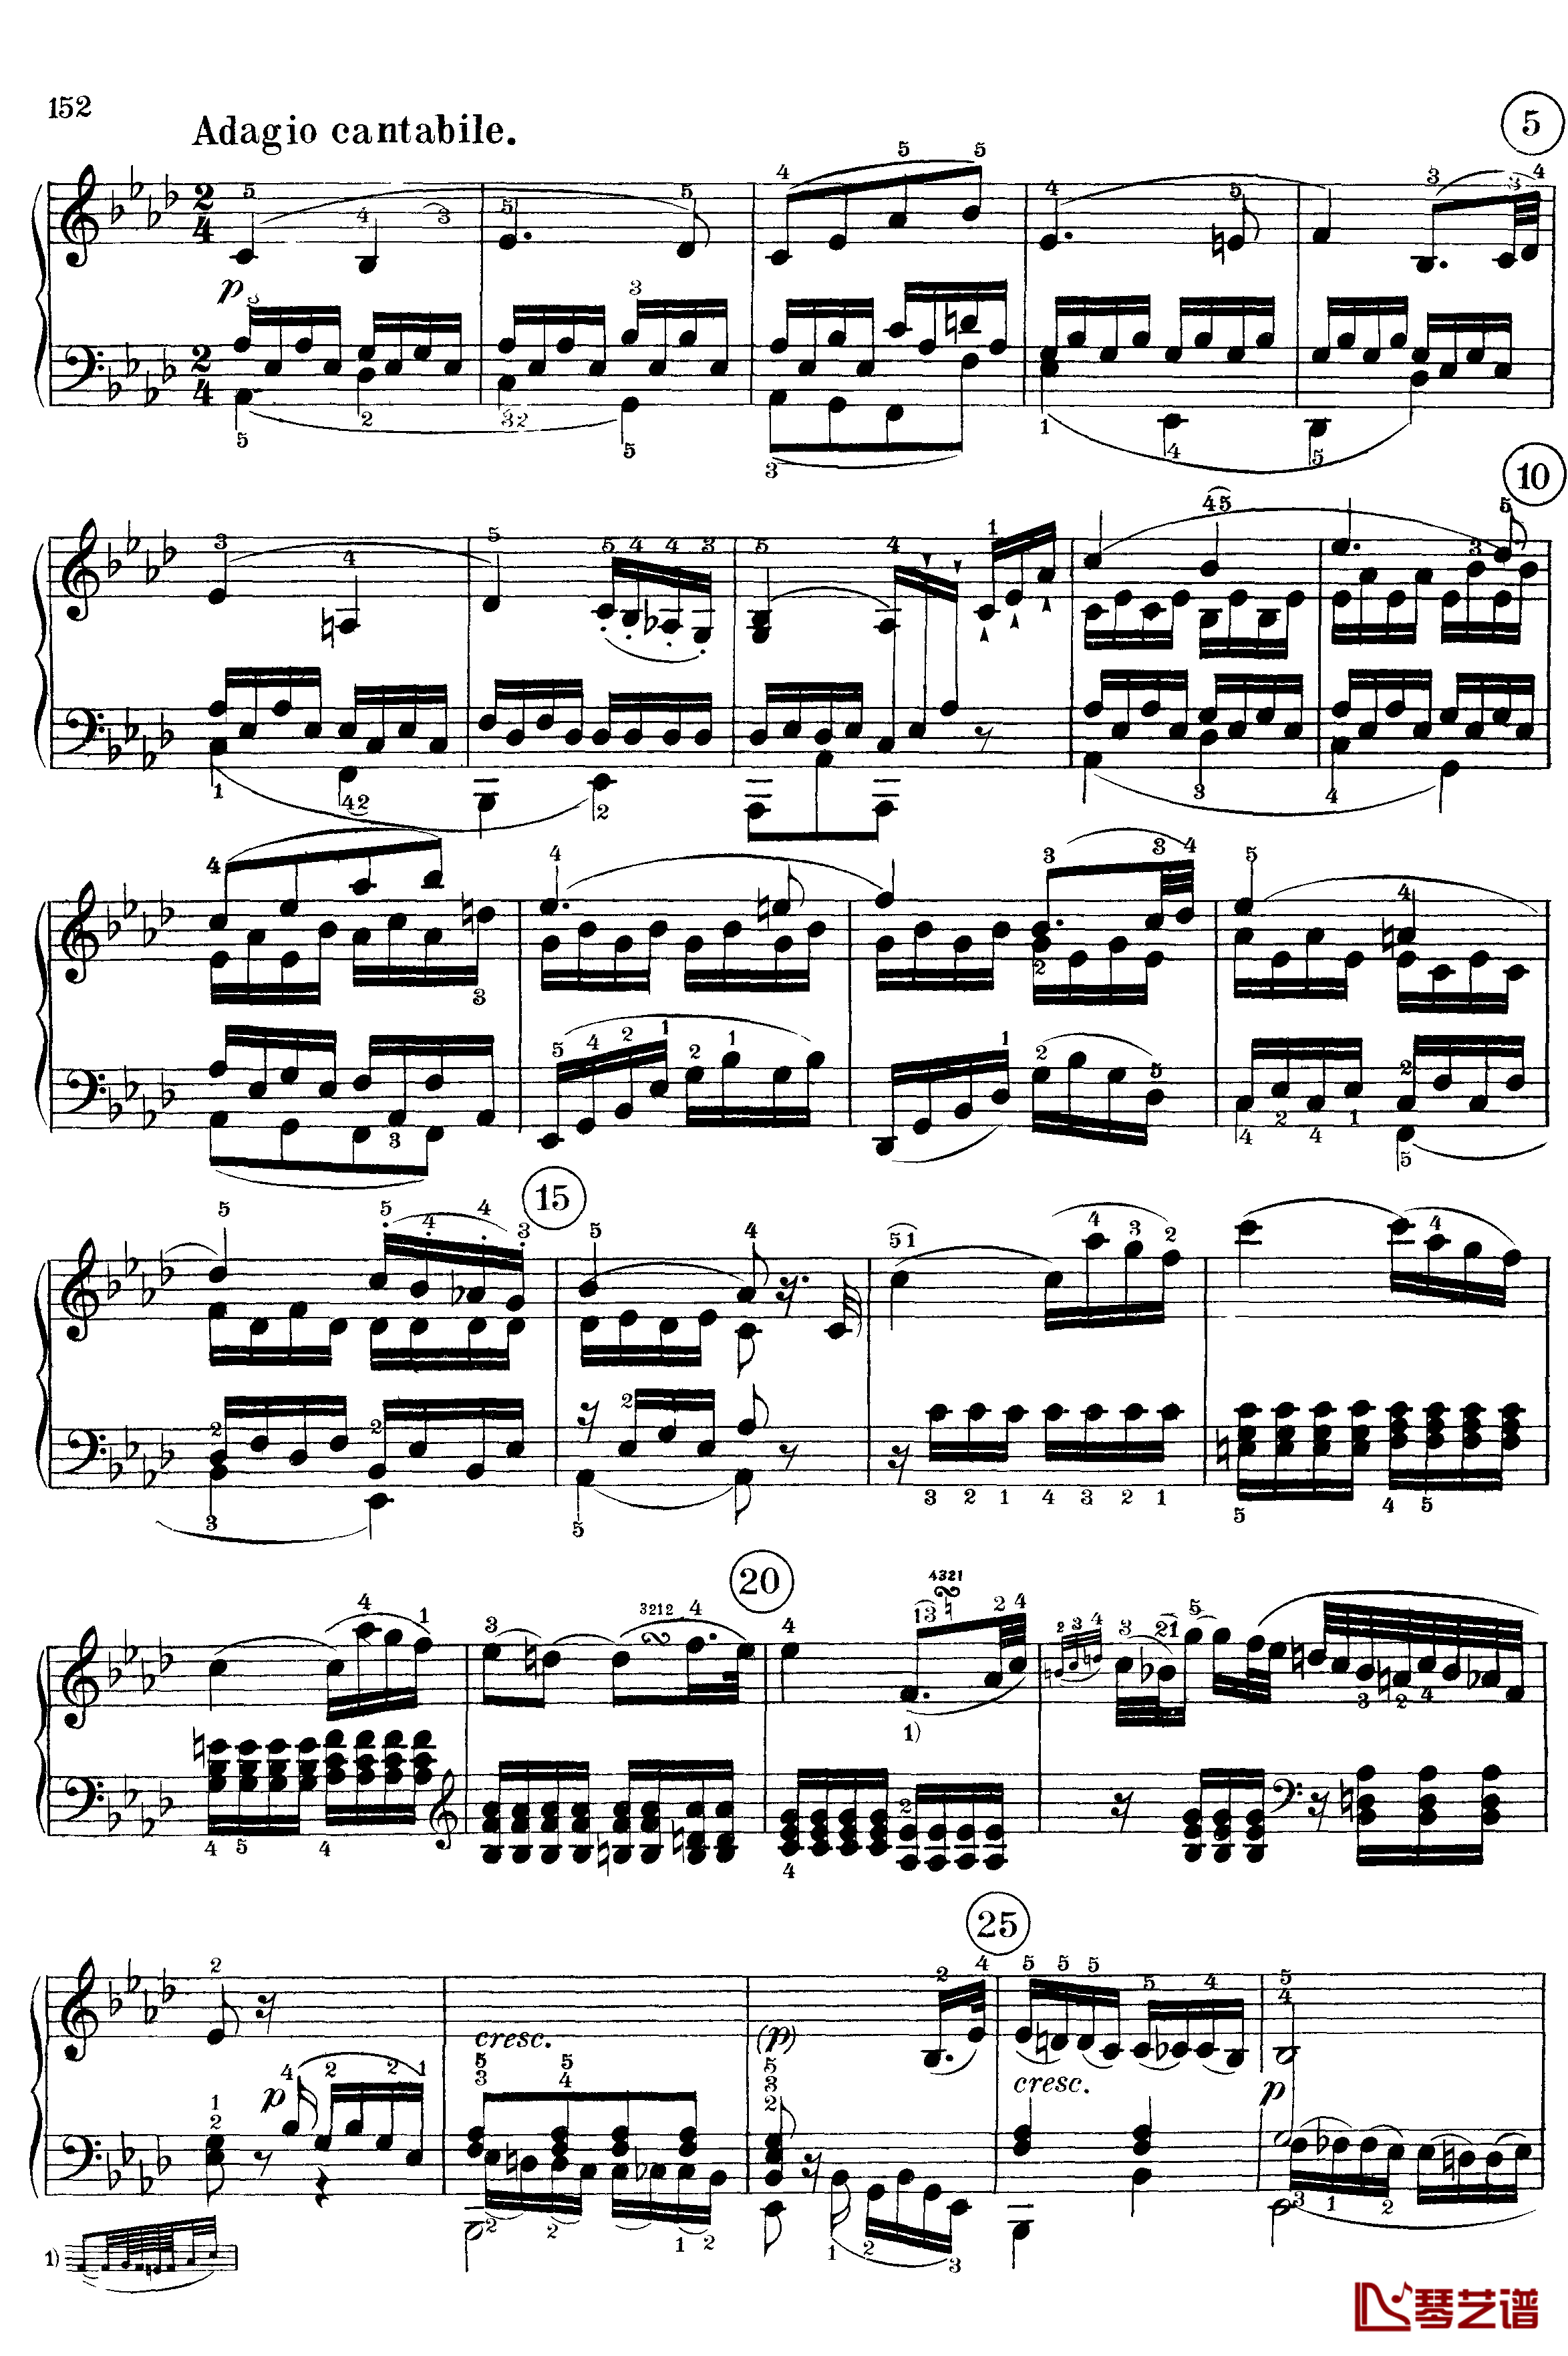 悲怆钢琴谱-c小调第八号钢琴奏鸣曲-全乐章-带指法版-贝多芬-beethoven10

--

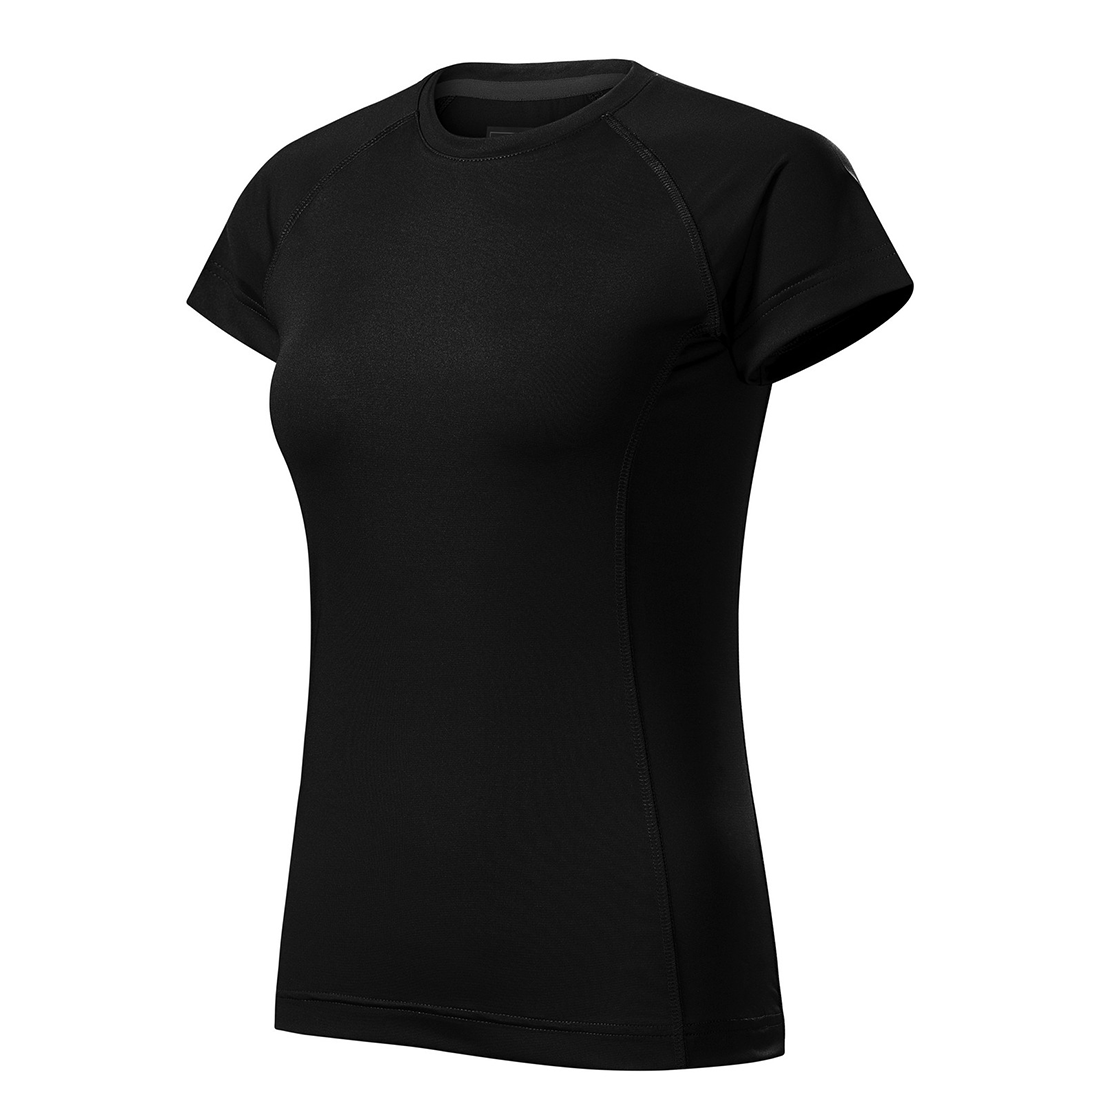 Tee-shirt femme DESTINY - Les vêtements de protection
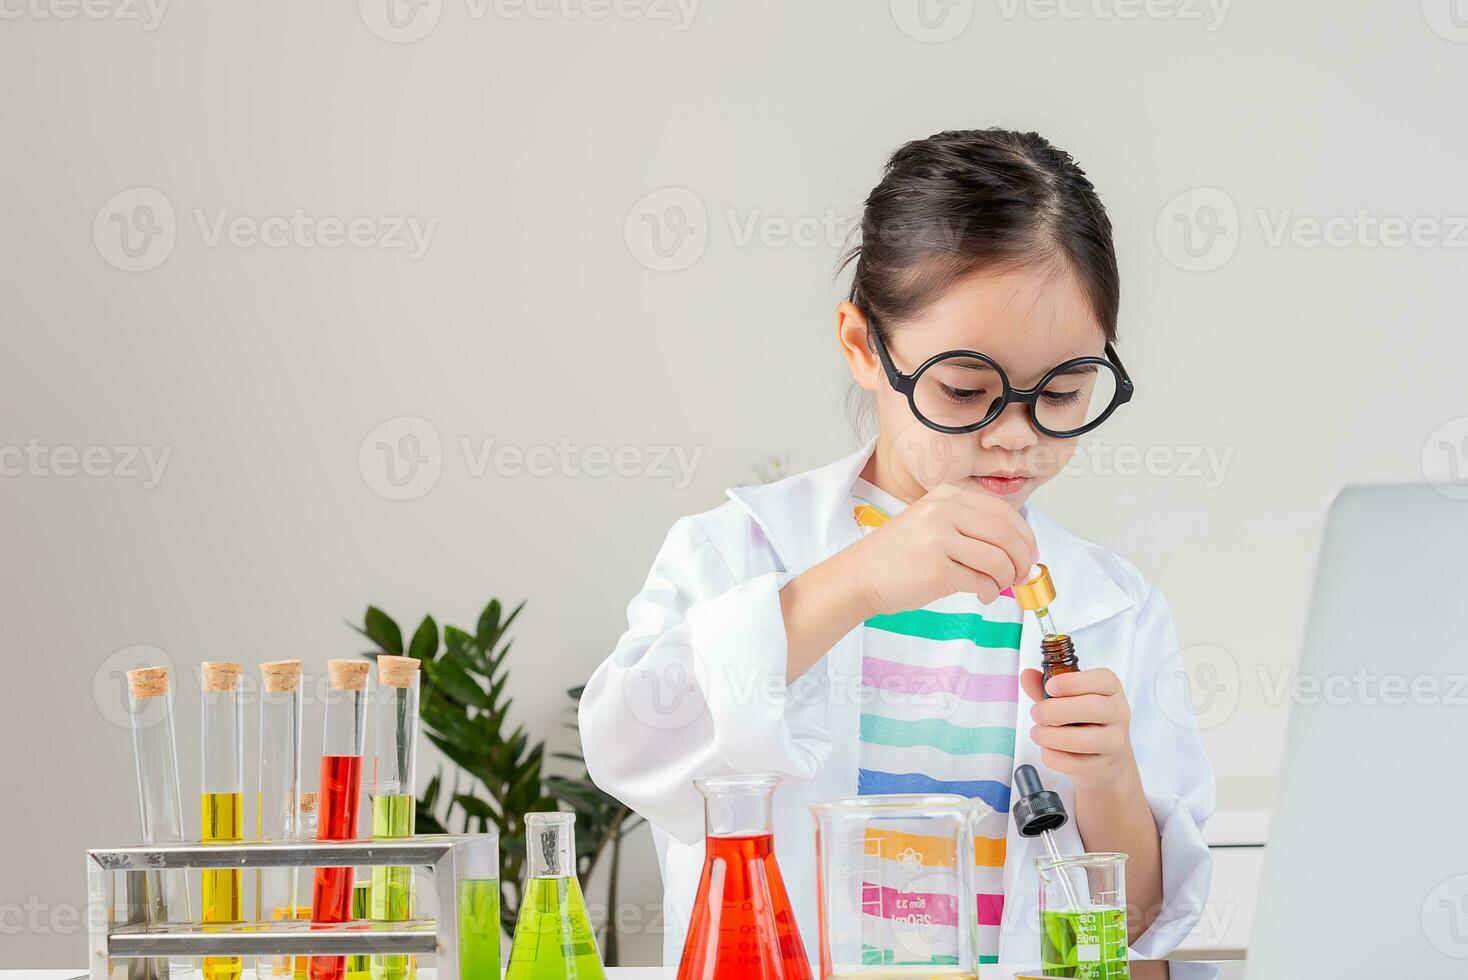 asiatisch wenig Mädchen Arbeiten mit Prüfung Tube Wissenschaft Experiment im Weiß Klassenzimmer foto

...

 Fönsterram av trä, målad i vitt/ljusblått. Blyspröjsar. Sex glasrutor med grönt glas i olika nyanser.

## WHAT IS NEEDED
Between and including the line above that contains "Tee-shirt femme DESTINY" and the line that contains "asiatisch wenig Mädchen", restate every line word for word. Pictures stay out.

## TASK OUTPUT
 Tee-shirt femme DESTINY - Les vêtements de protection
 asiatisch wenig Mädchen Arbeiten mit Prüfung Tube Wissenschaft Experiment im Weiß Klassenzimmer foto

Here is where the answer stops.